Your goal: In the listing below, count each line containing "Leather" and answer with the count only.

Records shown:
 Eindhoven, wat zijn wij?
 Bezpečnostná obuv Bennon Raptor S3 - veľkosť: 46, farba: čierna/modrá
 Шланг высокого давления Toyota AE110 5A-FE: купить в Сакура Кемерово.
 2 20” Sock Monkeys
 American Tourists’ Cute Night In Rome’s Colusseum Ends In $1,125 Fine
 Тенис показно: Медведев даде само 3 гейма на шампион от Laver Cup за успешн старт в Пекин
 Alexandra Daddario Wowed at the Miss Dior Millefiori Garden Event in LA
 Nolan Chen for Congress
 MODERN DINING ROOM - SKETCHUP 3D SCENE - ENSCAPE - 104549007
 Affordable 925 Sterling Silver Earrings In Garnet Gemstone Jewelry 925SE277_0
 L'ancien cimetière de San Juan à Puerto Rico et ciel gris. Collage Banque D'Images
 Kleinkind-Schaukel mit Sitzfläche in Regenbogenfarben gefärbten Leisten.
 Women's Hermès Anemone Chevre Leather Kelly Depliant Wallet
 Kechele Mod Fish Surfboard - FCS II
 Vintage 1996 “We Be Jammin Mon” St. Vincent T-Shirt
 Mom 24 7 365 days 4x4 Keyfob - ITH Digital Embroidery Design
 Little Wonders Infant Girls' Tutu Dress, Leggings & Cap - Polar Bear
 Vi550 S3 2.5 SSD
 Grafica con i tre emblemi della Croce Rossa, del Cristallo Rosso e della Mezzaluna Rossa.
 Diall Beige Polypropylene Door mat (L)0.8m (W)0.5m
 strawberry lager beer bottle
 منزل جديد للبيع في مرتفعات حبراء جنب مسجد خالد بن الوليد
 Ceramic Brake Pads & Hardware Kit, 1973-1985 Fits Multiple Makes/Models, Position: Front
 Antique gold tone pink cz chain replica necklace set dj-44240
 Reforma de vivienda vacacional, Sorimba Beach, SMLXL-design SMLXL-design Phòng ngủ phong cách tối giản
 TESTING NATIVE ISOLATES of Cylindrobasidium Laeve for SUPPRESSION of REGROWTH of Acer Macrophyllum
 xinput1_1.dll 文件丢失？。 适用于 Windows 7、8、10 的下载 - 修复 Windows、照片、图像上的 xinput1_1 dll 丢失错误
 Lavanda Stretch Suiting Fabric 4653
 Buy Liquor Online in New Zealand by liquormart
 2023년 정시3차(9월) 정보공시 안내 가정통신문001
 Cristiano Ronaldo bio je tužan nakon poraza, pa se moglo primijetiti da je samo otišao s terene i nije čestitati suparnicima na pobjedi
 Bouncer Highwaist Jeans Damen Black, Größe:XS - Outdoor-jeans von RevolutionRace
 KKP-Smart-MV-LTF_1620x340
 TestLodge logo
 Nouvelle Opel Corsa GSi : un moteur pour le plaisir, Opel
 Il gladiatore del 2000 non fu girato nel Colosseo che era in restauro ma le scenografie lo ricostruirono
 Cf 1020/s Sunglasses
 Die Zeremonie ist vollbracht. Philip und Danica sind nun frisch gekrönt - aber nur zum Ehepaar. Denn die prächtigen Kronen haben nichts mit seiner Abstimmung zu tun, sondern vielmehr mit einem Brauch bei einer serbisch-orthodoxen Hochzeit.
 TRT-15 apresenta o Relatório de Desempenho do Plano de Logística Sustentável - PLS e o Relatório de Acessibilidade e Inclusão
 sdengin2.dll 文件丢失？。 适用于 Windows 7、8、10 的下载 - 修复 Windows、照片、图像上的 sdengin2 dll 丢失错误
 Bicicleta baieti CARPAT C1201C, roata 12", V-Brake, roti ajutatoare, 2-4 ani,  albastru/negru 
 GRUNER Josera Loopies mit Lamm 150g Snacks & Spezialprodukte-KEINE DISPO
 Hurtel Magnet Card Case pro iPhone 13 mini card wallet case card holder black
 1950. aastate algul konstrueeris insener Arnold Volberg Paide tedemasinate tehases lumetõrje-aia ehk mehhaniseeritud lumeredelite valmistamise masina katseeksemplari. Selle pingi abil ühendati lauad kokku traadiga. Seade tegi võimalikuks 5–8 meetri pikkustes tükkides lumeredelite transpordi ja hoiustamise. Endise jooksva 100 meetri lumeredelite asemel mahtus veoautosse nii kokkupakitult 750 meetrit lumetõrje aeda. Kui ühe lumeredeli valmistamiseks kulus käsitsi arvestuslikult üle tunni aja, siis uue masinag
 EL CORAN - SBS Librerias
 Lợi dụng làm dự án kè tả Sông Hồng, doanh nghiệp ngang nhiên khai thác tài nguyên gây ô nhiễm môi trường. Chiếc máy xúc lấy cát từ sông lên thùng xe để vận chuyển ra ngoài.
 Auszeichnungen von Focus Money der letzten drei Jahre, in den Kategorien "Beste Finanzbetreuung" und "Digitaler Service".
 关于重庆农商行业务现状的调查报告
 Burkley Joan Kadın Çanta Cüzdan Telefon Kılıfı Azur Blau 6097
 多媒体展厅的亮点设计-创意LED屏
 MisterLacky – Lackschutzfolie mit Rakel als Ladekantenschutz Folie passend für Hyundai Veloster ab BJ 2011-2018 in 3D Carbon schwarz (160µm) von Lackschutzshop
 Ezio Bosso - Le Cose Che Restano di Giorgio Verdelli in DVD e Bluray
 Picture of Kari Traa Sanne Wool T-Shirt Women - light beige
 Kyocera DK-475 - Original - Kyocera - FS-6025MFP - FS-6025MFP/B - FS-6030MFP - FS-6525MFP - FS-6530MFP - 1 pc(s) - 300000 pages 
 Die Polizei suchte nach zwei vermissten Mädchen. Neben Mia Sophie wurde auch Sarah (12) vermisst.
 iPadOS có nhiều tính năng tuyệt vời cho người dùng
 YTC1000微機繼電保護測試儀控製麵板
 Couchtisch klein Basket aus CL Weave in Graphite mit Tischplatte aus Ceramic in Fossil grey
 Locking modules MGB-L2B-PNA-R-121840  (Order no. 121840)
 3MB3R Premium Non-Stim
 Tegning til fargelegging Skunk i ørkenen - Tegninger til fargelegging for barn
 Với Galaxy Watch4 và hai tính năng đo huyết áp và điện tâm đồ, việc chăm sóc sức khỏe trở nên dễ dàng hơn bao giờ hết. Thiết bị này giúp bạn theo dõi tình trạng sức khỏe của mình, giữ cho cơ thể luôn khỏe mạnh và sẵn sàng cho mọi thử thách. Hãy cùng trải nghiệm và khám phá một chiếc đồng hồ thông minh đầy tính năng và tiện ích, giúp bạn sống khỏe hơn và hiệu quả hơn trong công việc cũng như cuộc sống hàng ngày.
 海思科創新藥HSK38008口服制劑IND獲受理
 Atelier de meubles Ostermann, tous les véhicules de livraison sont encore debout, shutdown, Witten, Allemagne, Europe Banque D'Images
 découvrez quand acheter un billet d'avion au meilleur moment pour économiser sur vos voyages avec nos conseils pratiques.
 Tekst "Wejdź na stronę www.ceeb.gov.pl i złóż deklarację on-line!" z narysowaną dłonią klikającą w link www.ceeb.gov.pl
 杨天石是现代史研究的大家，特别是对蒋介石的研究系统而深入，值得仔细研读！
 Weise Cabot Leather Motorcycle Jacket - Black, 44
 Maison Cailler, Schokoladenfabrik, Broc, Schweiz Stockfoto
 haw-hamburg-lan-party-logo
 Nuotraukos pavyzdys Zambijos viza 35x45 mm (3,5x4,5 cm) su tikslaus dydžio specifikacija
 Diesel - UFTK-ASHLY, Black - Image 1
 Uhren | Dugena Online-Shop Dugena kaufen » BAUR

Task answer: 2